Knowledge is a Region in Weight Space for Fine-tuned Language Models

Almog Gueta, Elad Venezian, Colin Raffel, Noam Slonim, Yoav Katz, Leshem Choshen


Abstract
Research on neural networks has focused on understanding a single model trained on a single dataset. However, relatively little is known about the relationships between different models, particularly those trained or tested on different datasets. We address this by studying how the weight space and the underlying loss landscape of different models are interconnected. Specifically, we demonstrate that finetuned models that were optimized for high performance, reside in well-defined regions in weight space, and vice versa – that any model that resides anywhere in those regions also exhibits high performance. Notably, we show that language models that have been finetuned on the same dataset form a tight cluster in the weight space, while models finetuned on different datasets from the same underlying task form a looser cluster. Moreover, traversing around the region between the models leads to new models that perform comparably or even better than models obtained via finetuning, even on tasks that the original models were not finetuned on.
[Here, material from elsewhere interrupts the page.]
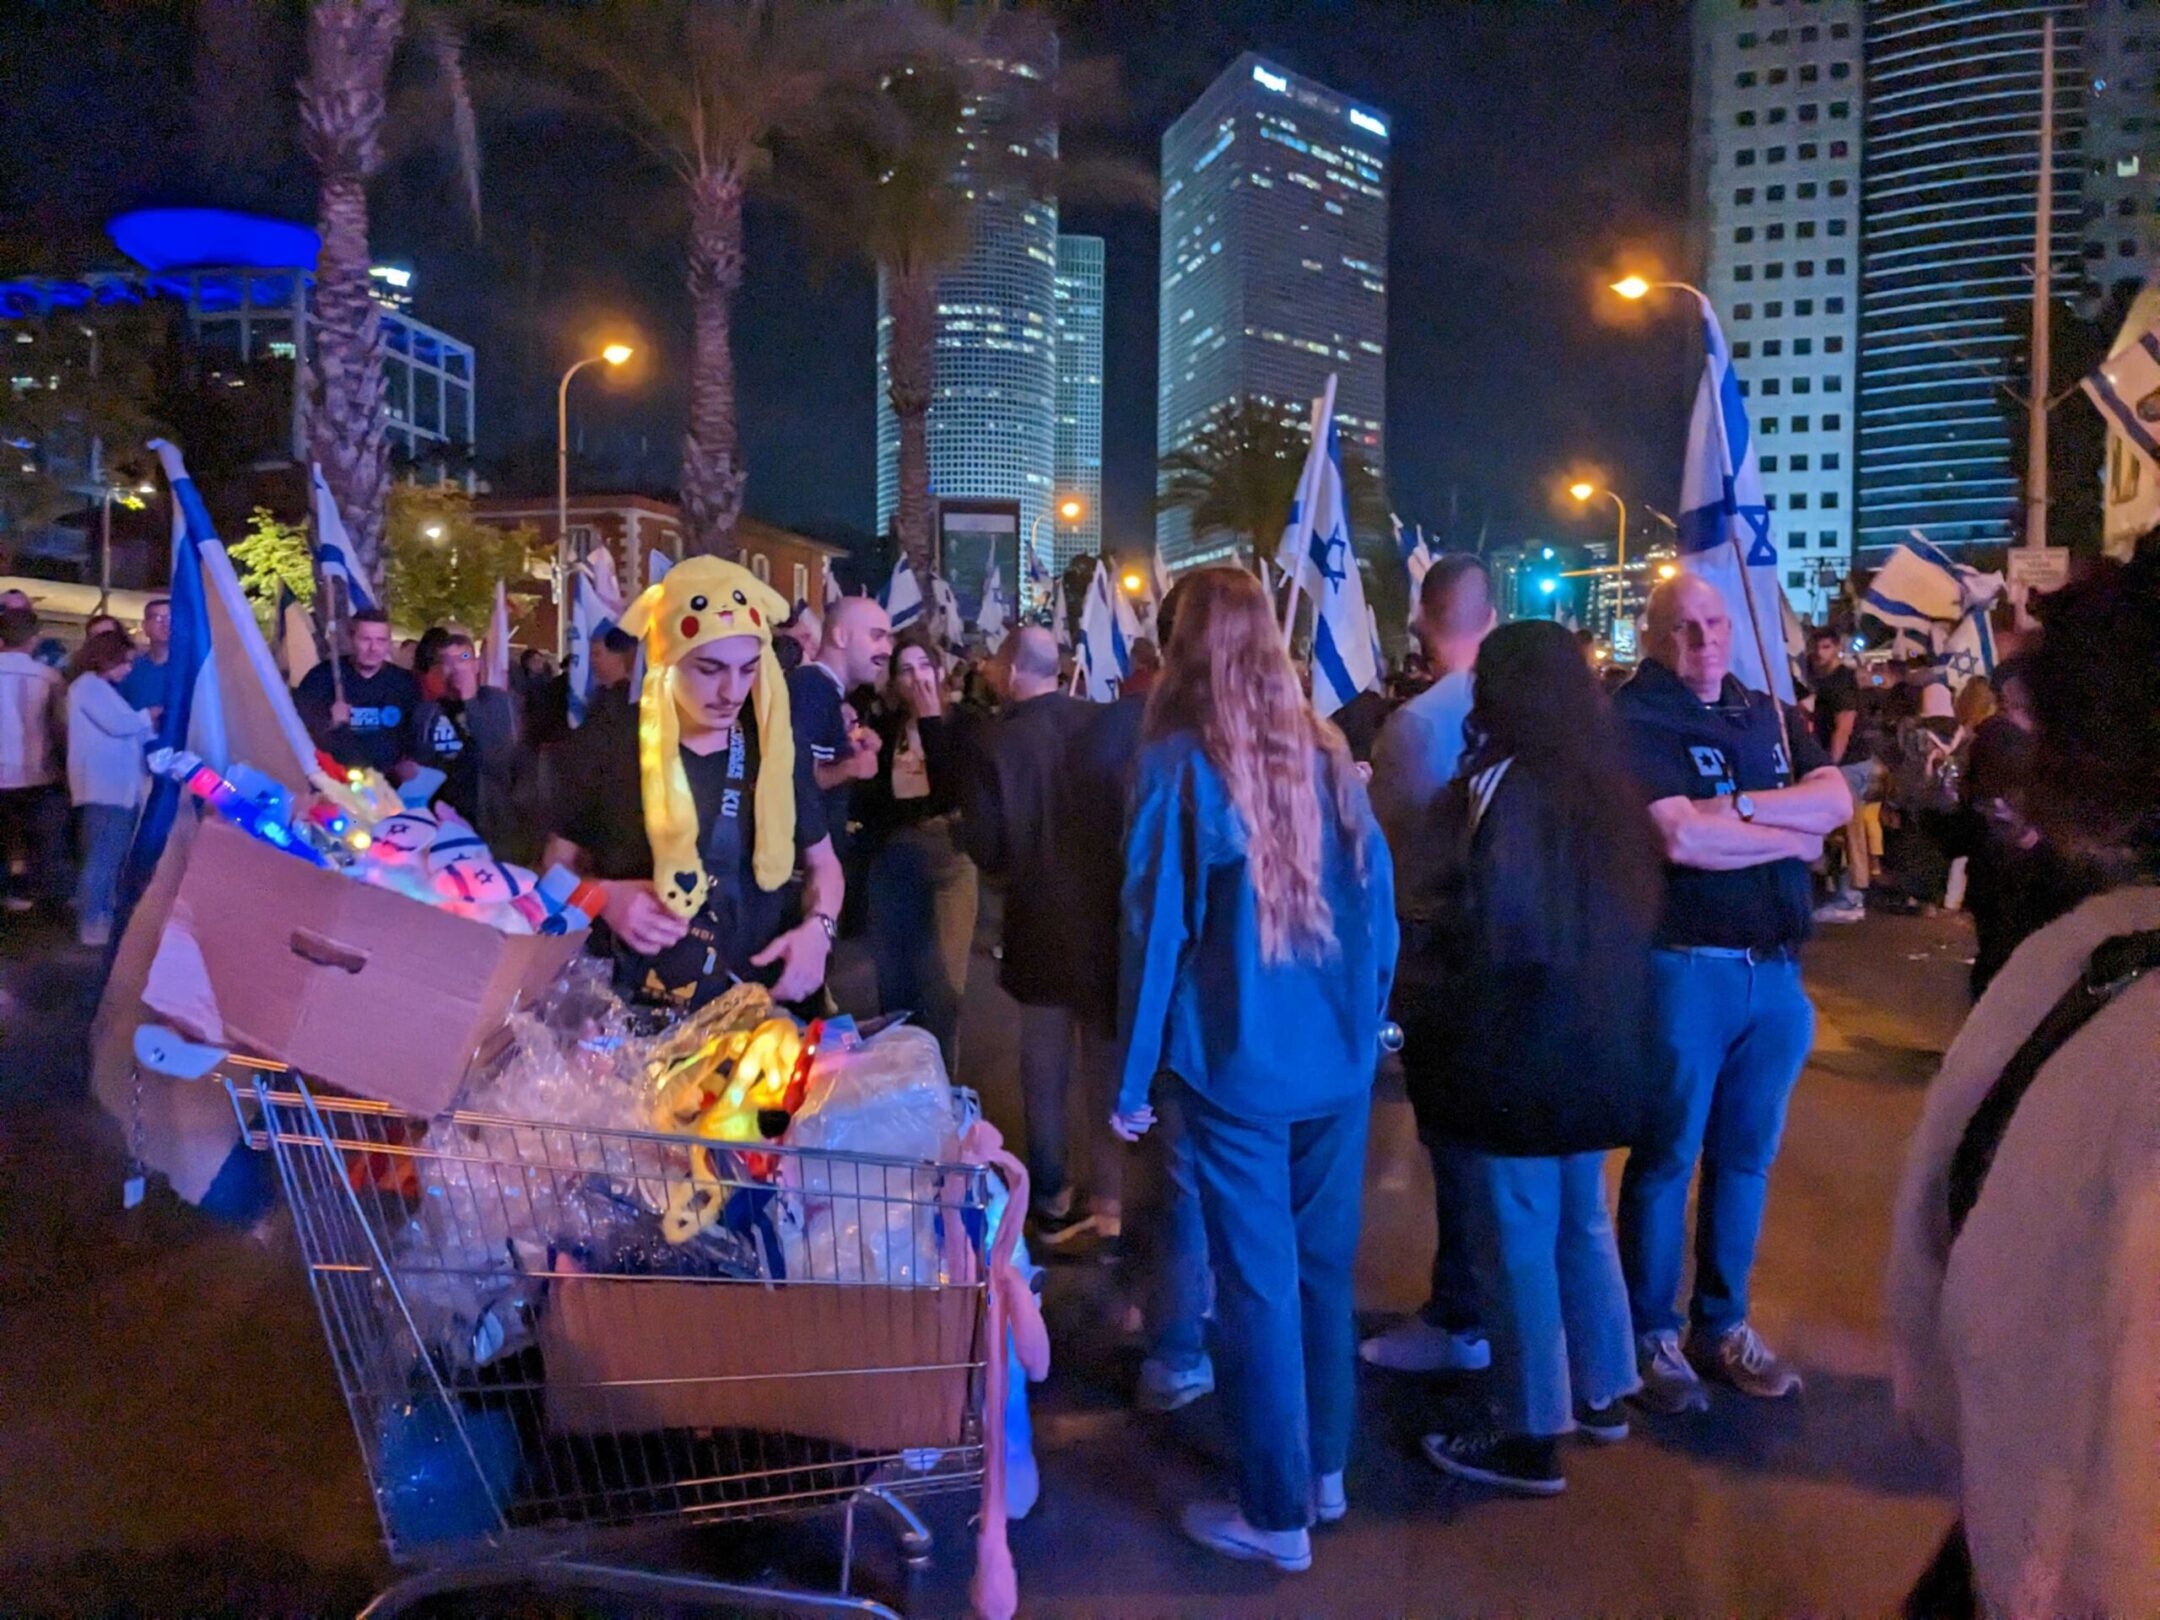 A flag vendor stands with his wares during a Yom Haatzmaut celebration and anti-government protest in Tel Aviv, April 25, 2023. (Ben Sales)

Our findings provide insight into the relationships between models, demonstrating that a model positioned between two similar models can acquire the knowledge of both. We leverage this and design a method for selecting a better model for efficient finetuning. Specifically, we show that starting from the center of the region is as effective, if not more, than using the pretrained model in 11 out of 12 datasets, resulting in an average accuracy improvement of 3.06.
Anthology ID:
2023.findings-emnlp.95
Volume:
Findings of the Association for Computational Linguistics: EMNLP 2023
Month:
December
Year:
2023
Address:
Singapore
Editors:
Houda Bouamor, Juan Pino, Kalika Bali
Venue:
Findings
SIG:
Publisher:
Association for Computational Linguistics
Note:
Pages:
1350–1370
Language:
URL:
https://aclanthology.org/2023.findings-emnlp.95
DOI:
10.18653/v1/2023.findings-emnlp.95
Bibkey:
Cite (ACL):
Almog Gueta, Elad Venezian, Colin Raffel, Noam Slonim, Yoav Katz, and Leshem Choshen. 2023. Knowledge is a Region in Weight Space for Fine-tuned Language Models. In Findings of the Association for Computational Linguistics: EMNLP 2023, pages 1350–1370, Singapore. Association for Computational Linguistics.
Cite (Informal):
Knowledge is a Region in Weight Space for Fine-tuned Language Models (Gueta et al., Findings 2023)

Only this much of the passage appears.